Suresh showed using advanced computer modeling that nature chose that particular shape for red blood cells because of its energy efficiency. In the process of studying, he also managed to discover a completely new method to diagnose if a cell has cancer, for much cheaper. As opposed to present methods, which is blood testing to look for markers consistent with cancer, Suresh was able to use a biomechanical approach to determine on an individual cell basis. In a test of fourteen cells, seven clean and seven infected, an independent researcher was able to correctly predict all seven cancerous cells using this method, which (very simply) consists of shooting a ray at a lever positioned above a cancer cell, then probing how the cell responds.
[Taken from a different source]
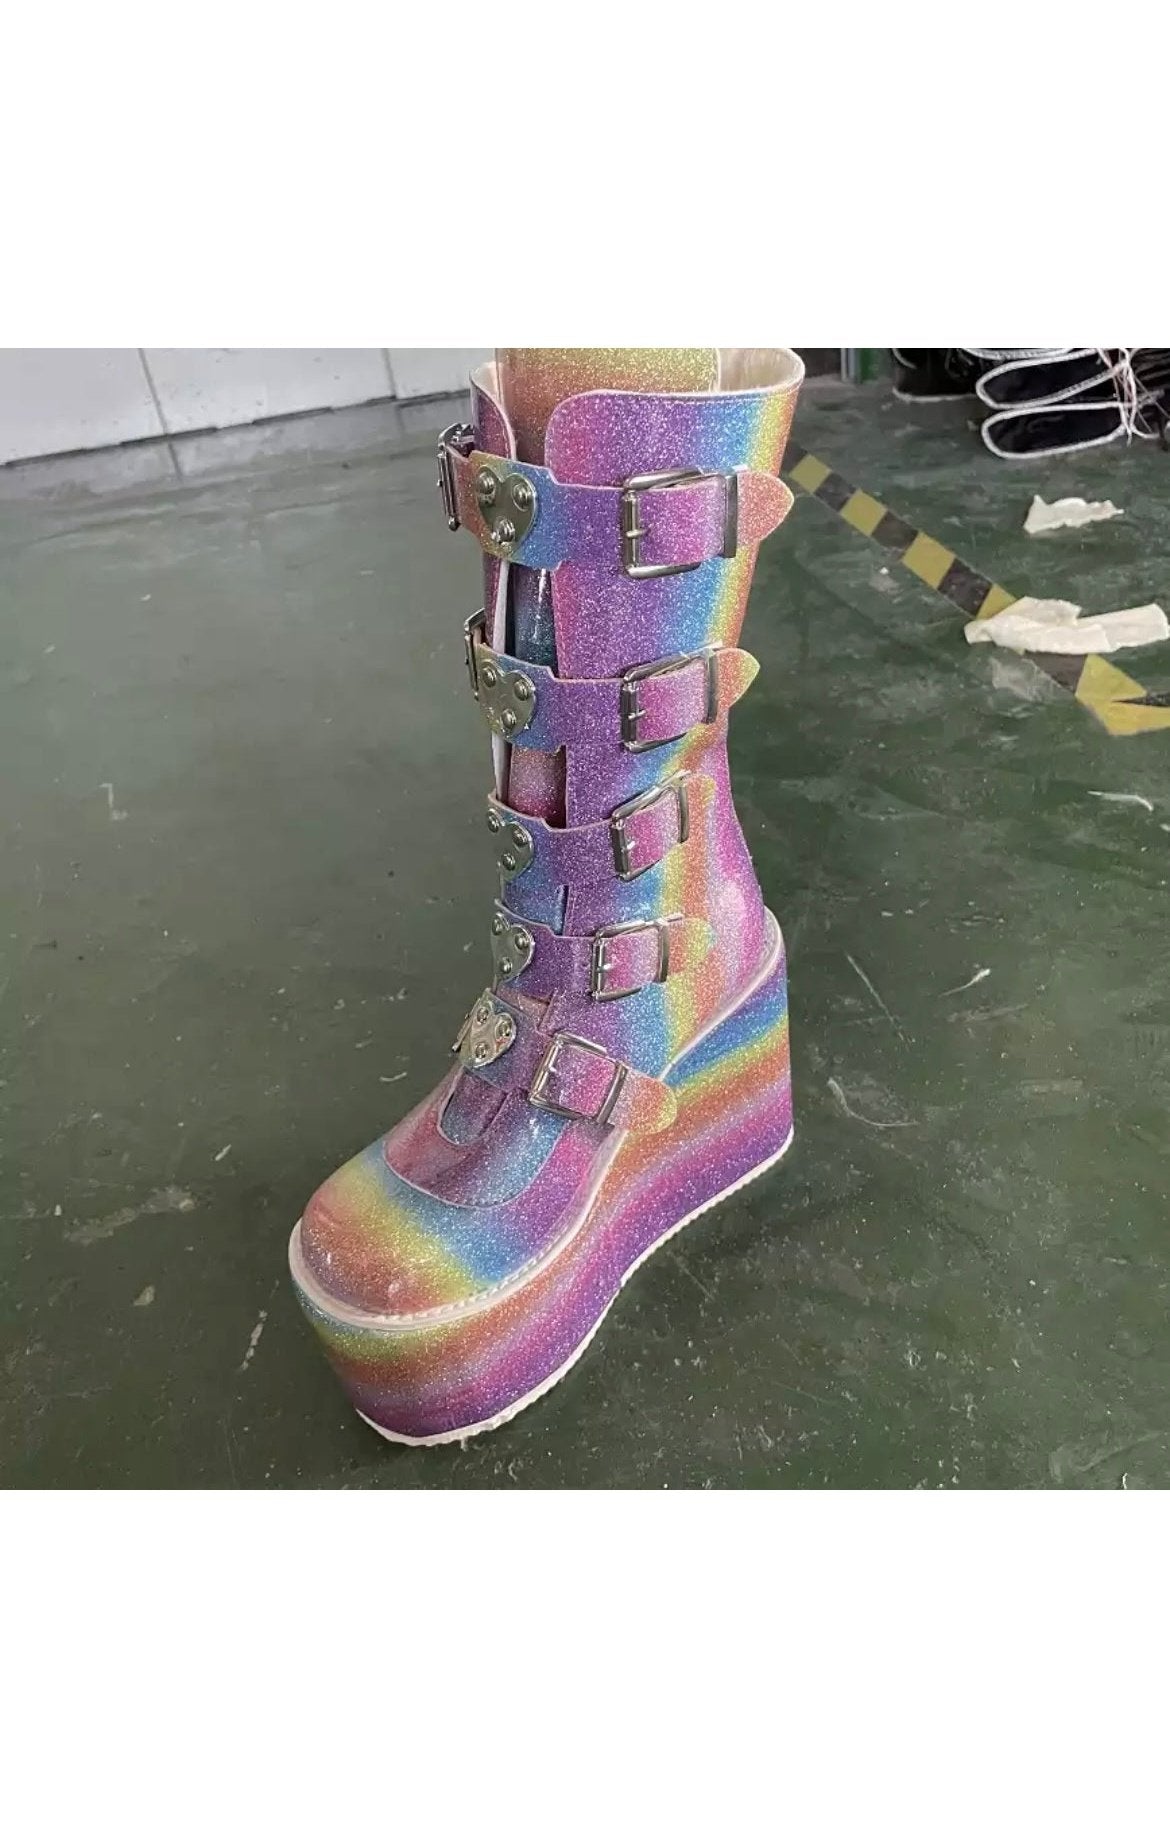 Platform Gothic Punk Cool Boots (Many Colors)
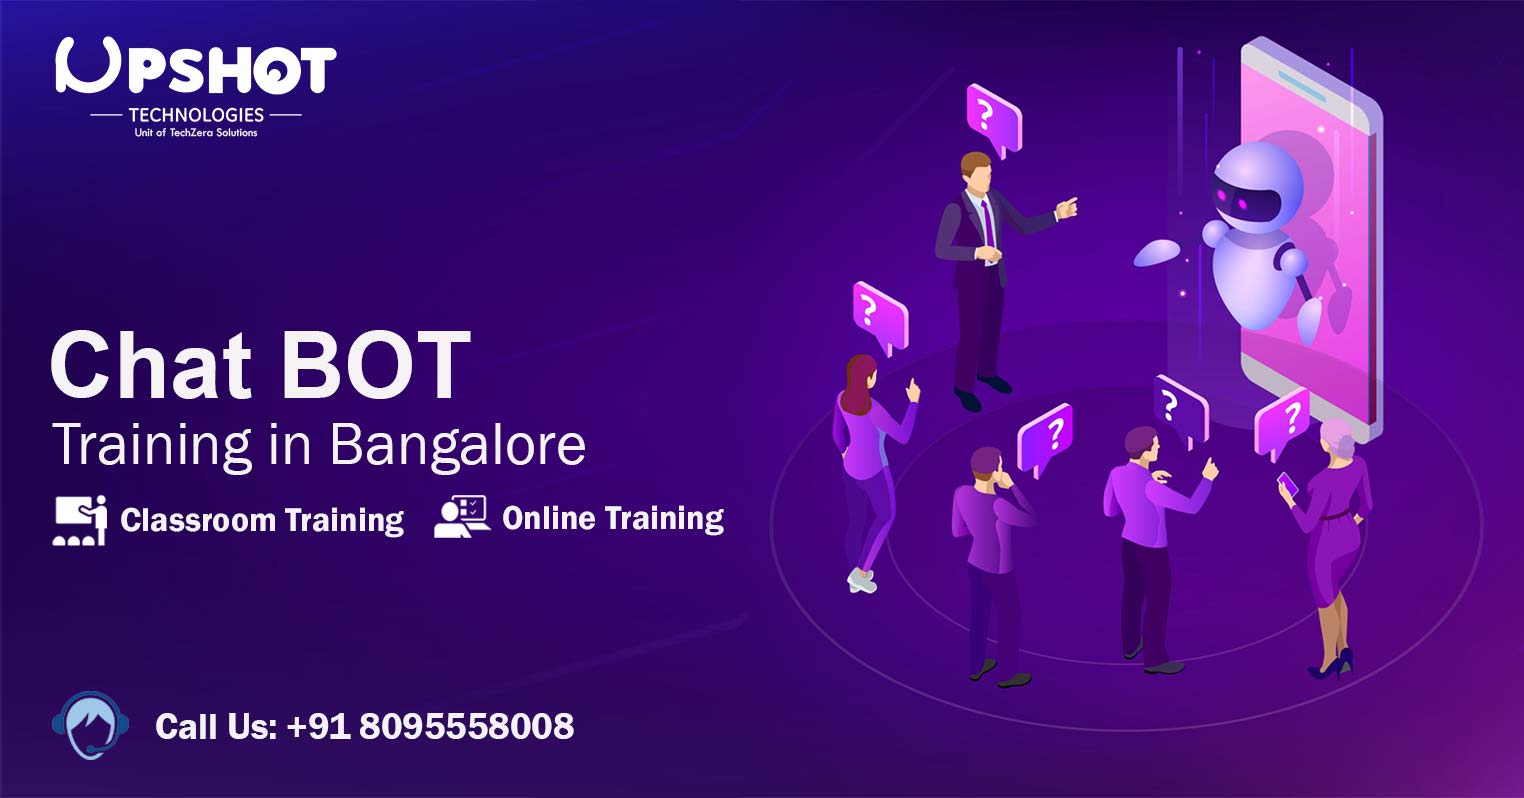 Chatbot Training in bangalore

To conclude, Suresh restated his goals of finding a fundamental cellular understanding, improving diagnostic capabilities for diseases, novel therapeutics, and increasing drug effectiveness. This is made possible by the continuing collaboration of scientists worldwide, including those in the fields of engineering, materials, chemistry, physics, biology, and medicine. Science of tomorrow promises to blur the line between these fields, once considered worlds apart, as they become more intertwined.
Whether it is to discover the fundamental laws governing the universe, create new technology, improve water treatment, or fight disease, the scientists of today have one common goal: make the world of tomorrow a better and more knowledgeable place. It is comforting to know that for every Sandusky in the world, there is a Suresh. For better or worse, we are all, unmistakably, connected. Spread the love, people.